The curious juxtaposition with respect to Rajini and the book is that his real life story follows the path of monomyth as proposed by Joseph Campbell. In fact, most of his post superstardom movies can be shown as an example of hero’s life as depicted by Campbell. There is one part which most of us wouldn’t want to happen to Rajini, the superstar – the end of the superstar. We want this super star to live forever with his superstardom. His movies are immortalised, but we want to immortalise this persona too.
Kochadaiyaan for instance is an attempt to revive his youthful exuberance through animation that failed miserably. Lingaa on the other hand proves why should we allow him to age gracefully and let him give up his superstar status. Lingaa is a typical Rajinikanth movie in which we see a fictional (or alternative history) take on Mullaiperiyar dam. King Lingeswaran, a collector and a small king give up everything to build a dam for Solaiyur to help the village during the British rule. His grandson (Lingaa) comes back to the same village after 70 years to fulfil a duty and what happens is shown in a usual Rajini way but sans the enthusiasm that we usually see in a Rajini movie.

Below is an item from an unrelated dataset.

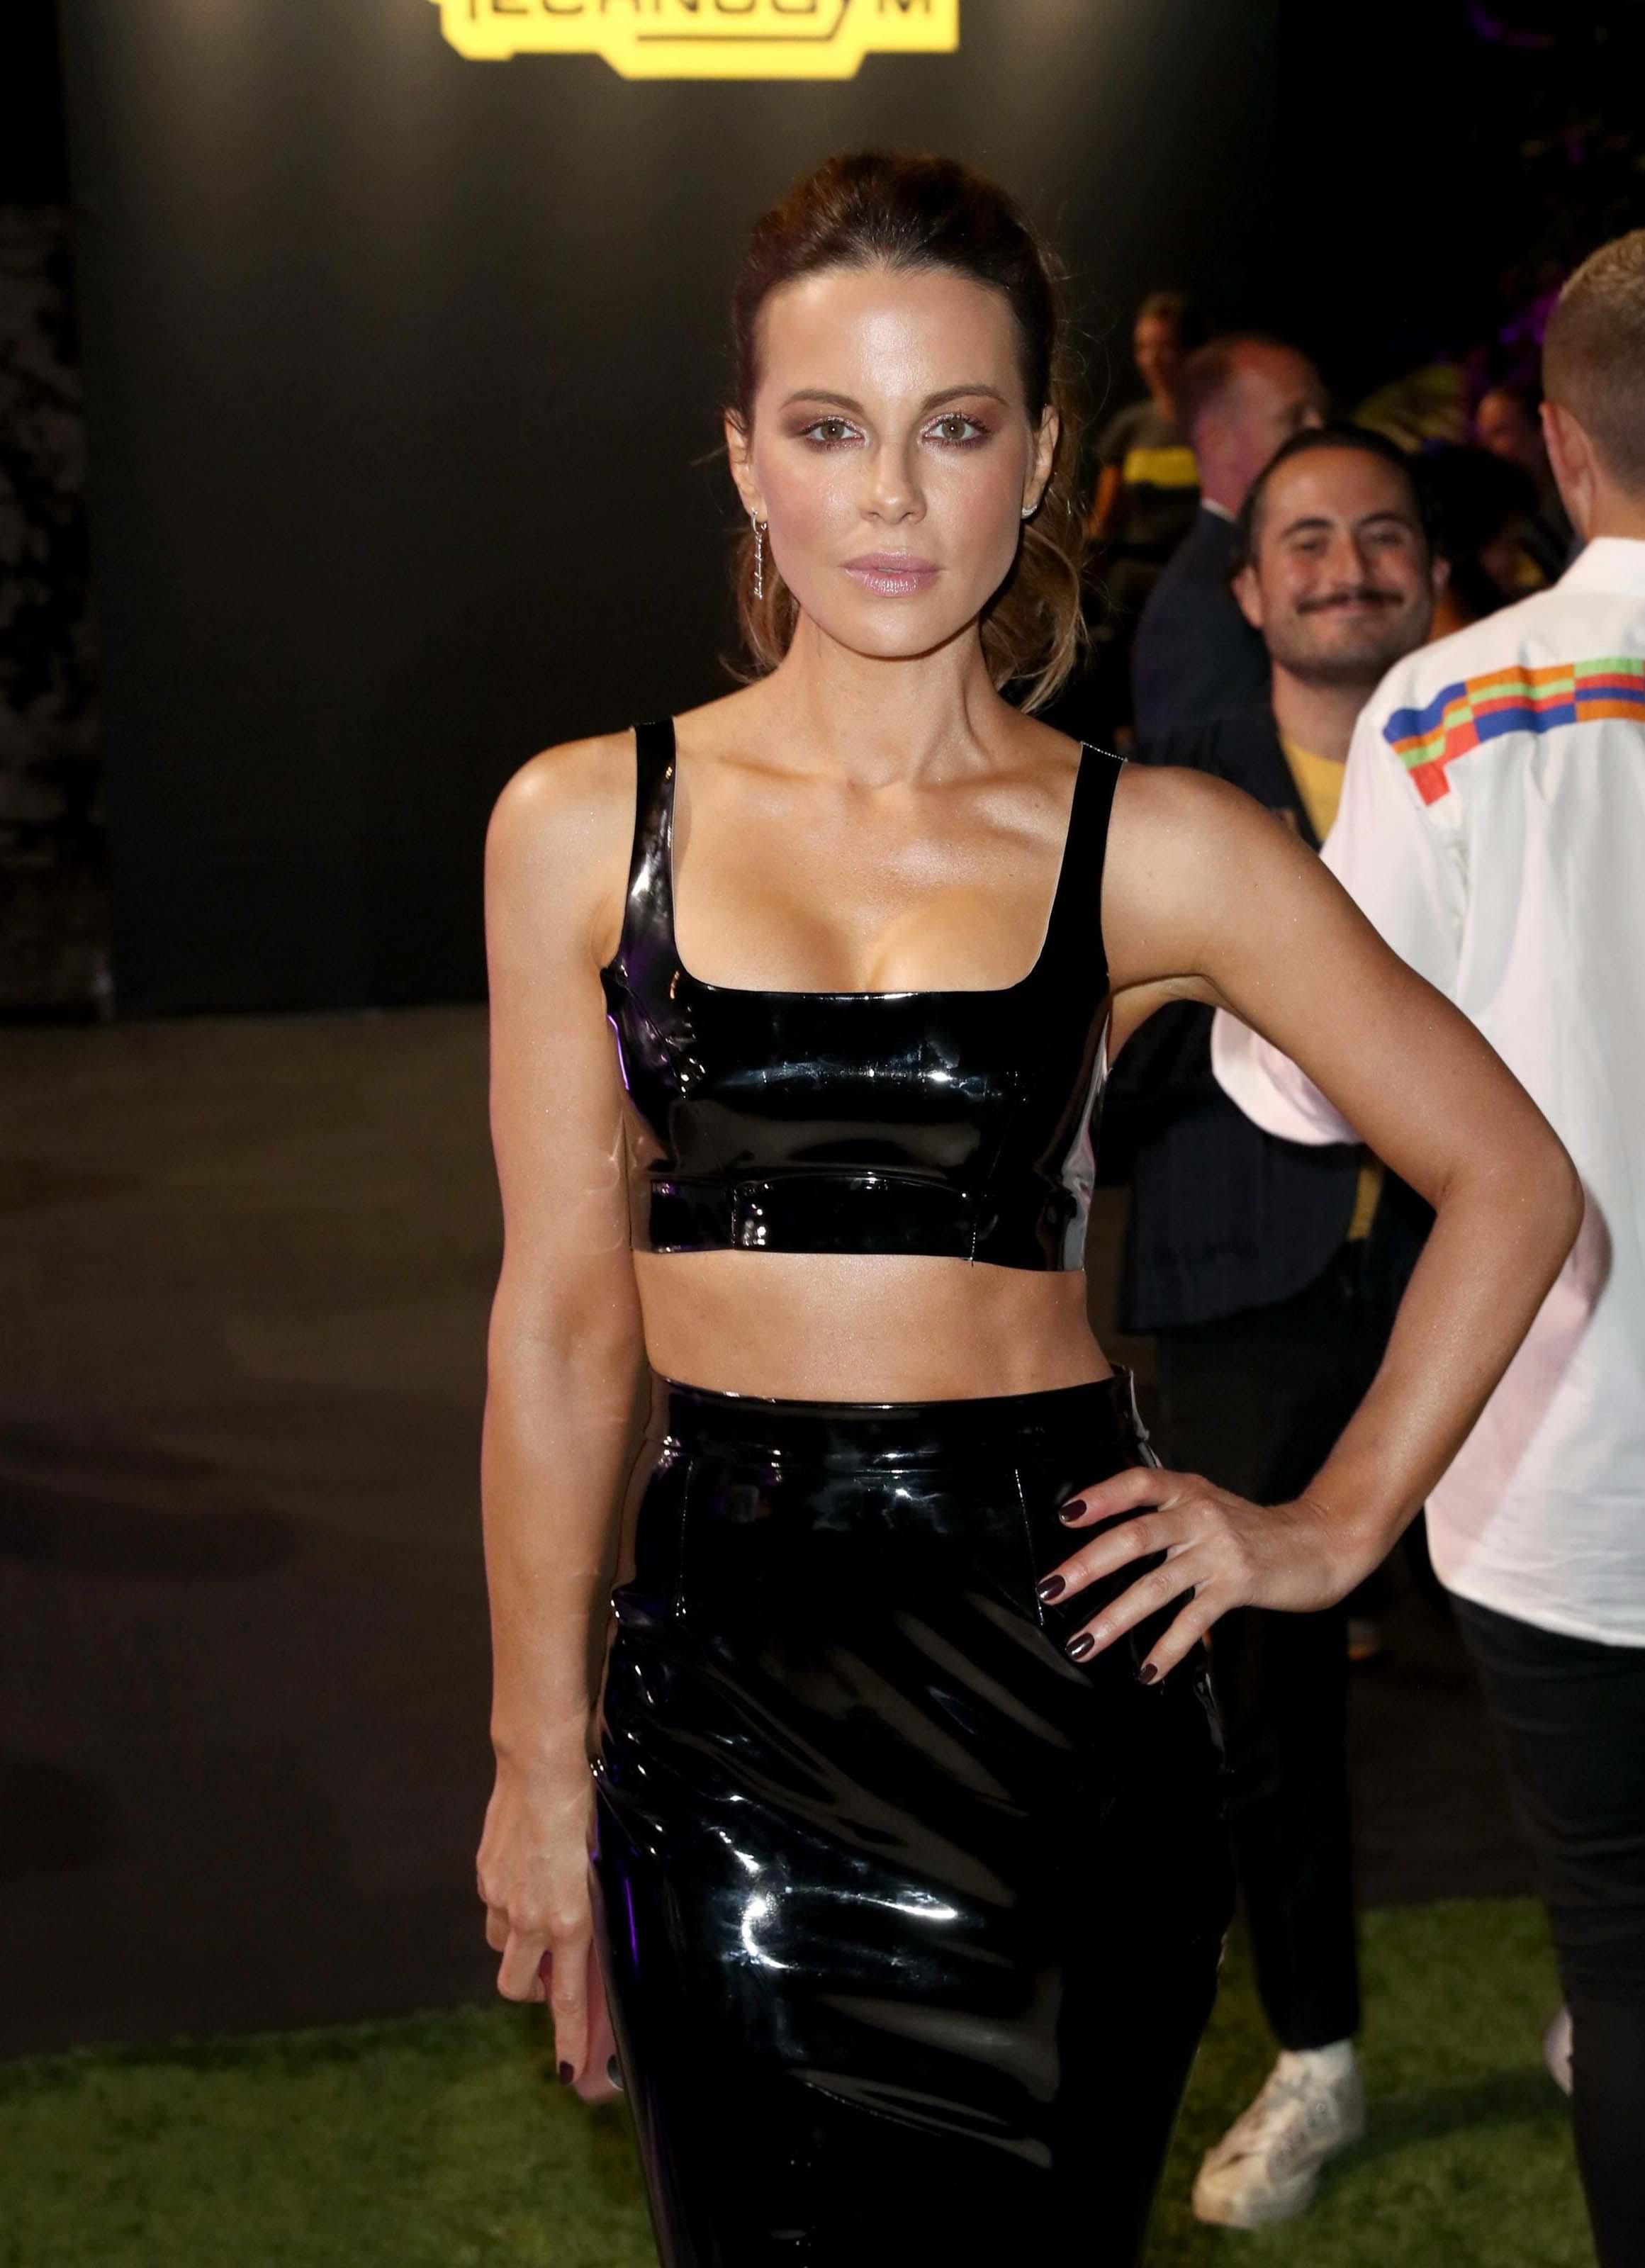 Kate Beckinsale attends Rolls Royce X Technogym Party

There can be multiple reasons why Lingaa doesn’t work. The screenplay (KS Ravikumar) doesn’t engage you like the usual superstar movies. It doesn’t allow you to root for Rajini like you usually do in all of his movies. The lack of formidable antagonists, tired musical score by AR Rahman and lacklustre acting pile up the woes.
But above all, Lingaa is a feeble attempt to manifest every superstar fan’s dream. A dream where he does everything what his fans expect him to do. Over the past few years, these dreams have become a burden over his head. A handcuff made of adulations that he is not in a position to leave. This happened to superstars like Dev Anand and Amitabh. Dev couldn’t manage it while Amitabh moved and started taking graceful roles to suit his age and acting prowess.

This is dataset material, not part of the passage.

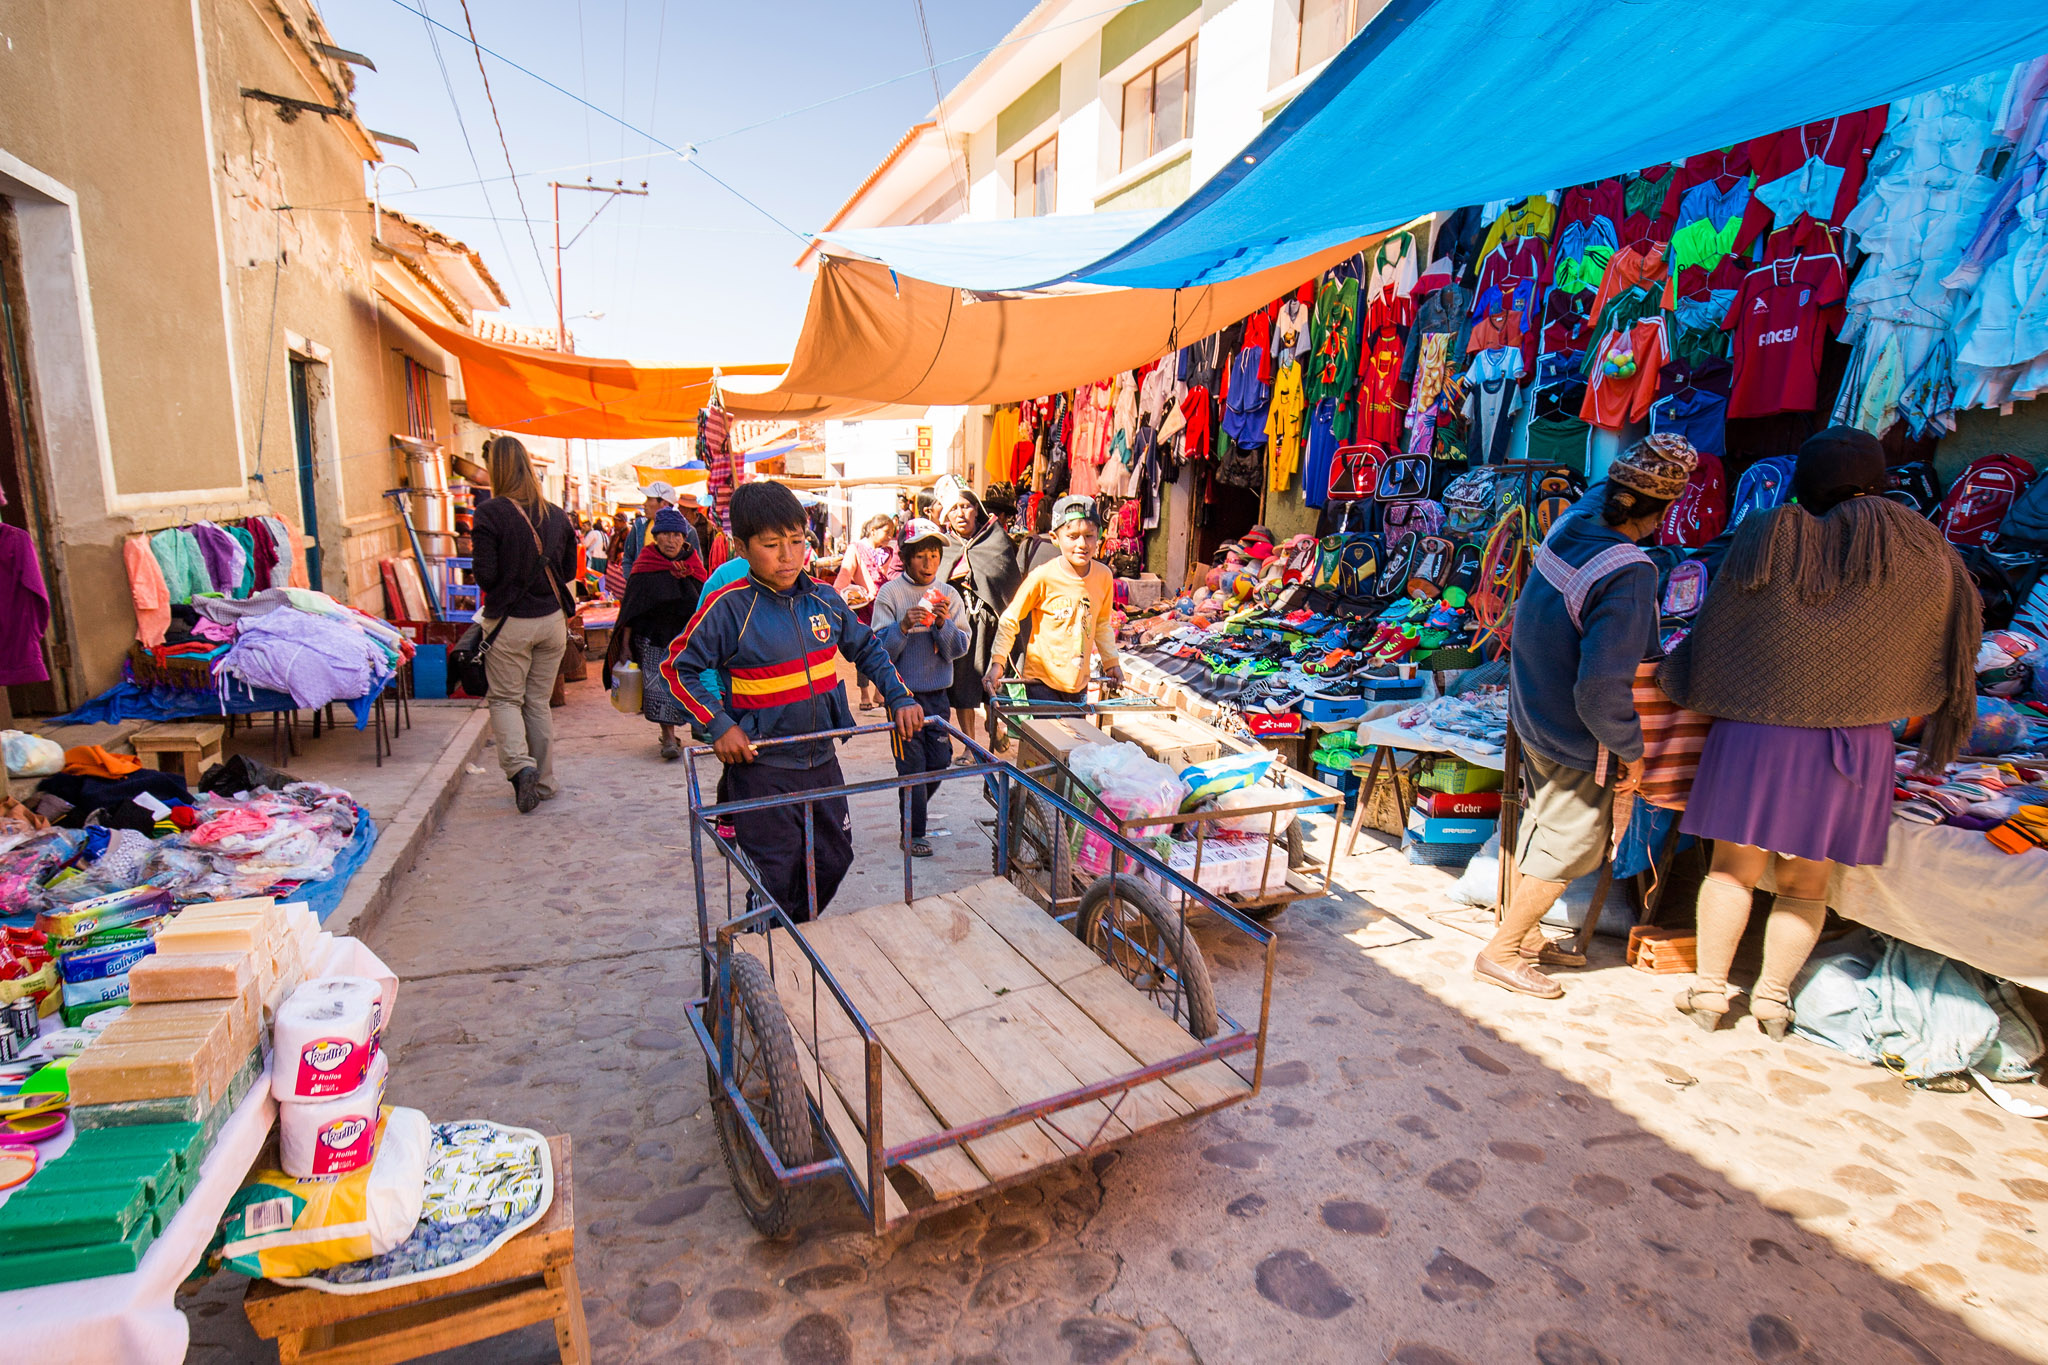 bolivia-market-boy-working-rural

Rajinikanth is an impeccable actor. His earlier movies and few scenes that you see in his later movies are testimonies to his brilliance. Nevertheless, as fans we don’t want him to leave his superstar status. I think its time we allow him to move on. Allow him to do roles that will make him enjoy his acting. We should allow him exit gracefully. Trust me, we will still love him the way we do now. We need to give him his space. A space where he can get back to doing roles like Chakravarthy (Netrikann) or Santhanam (6il irundhu 60 Varai). Why not a romantic comedy like Cheeni Kum or a complete villain role or something that will excite him as an actor. Why are we constraining him to do be a super star while he can do plethora of roles? Why are we still killing the actor in him?

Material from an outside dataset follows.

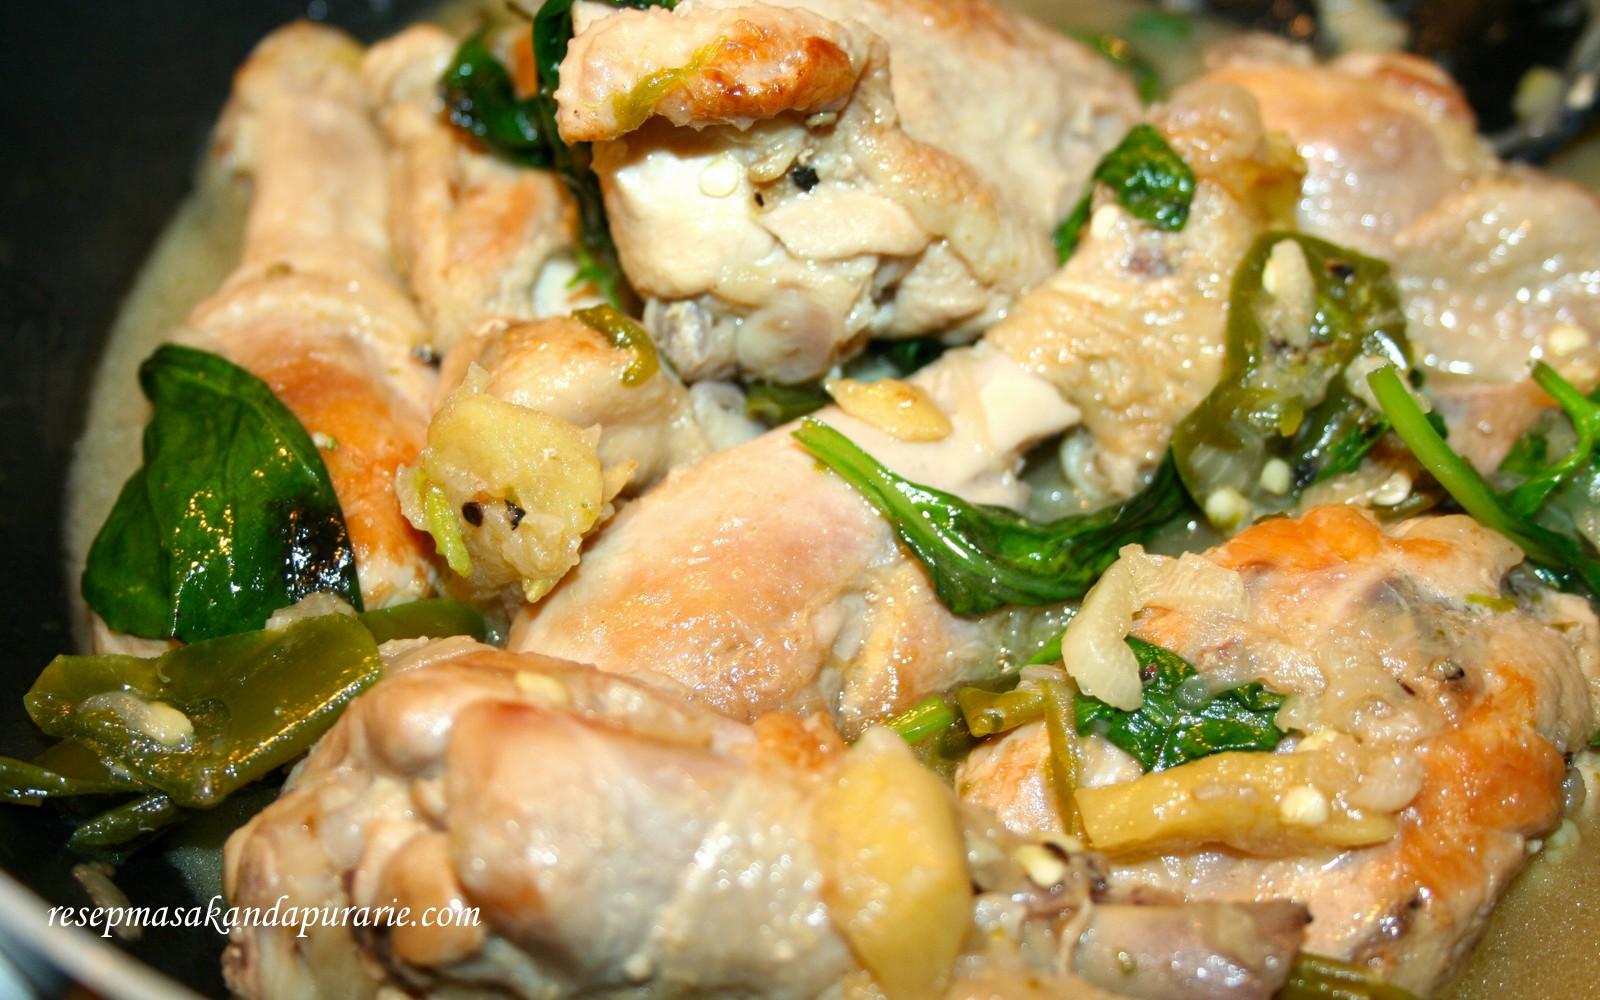 Resep Ayam Kemangi ala Bu Icha - Resep Masakan Dapur Arie

There is a scene in Lingaa (the one scene I like the most) where the people from Solaiyur plead him to come back. They want to make him a king again and give back his wealth as he is living as a simpleton. He replies “I have seen that life and enjoyed it. I want to enjoy this as well”.
I believe there is a larger message for his fans too. We have to let go “Super Star” and bring back Rajinikanth. Let’s permit him to move on.
P.S: Ok Ok, I can hear the mind voice -‘Should we see the movie or not?” – To be honest, it’s slipshod effort to hold the superstar status of Rajinikanth in which KS Ravikumar miserably fails. A 1.5/5 and not a worthy watch.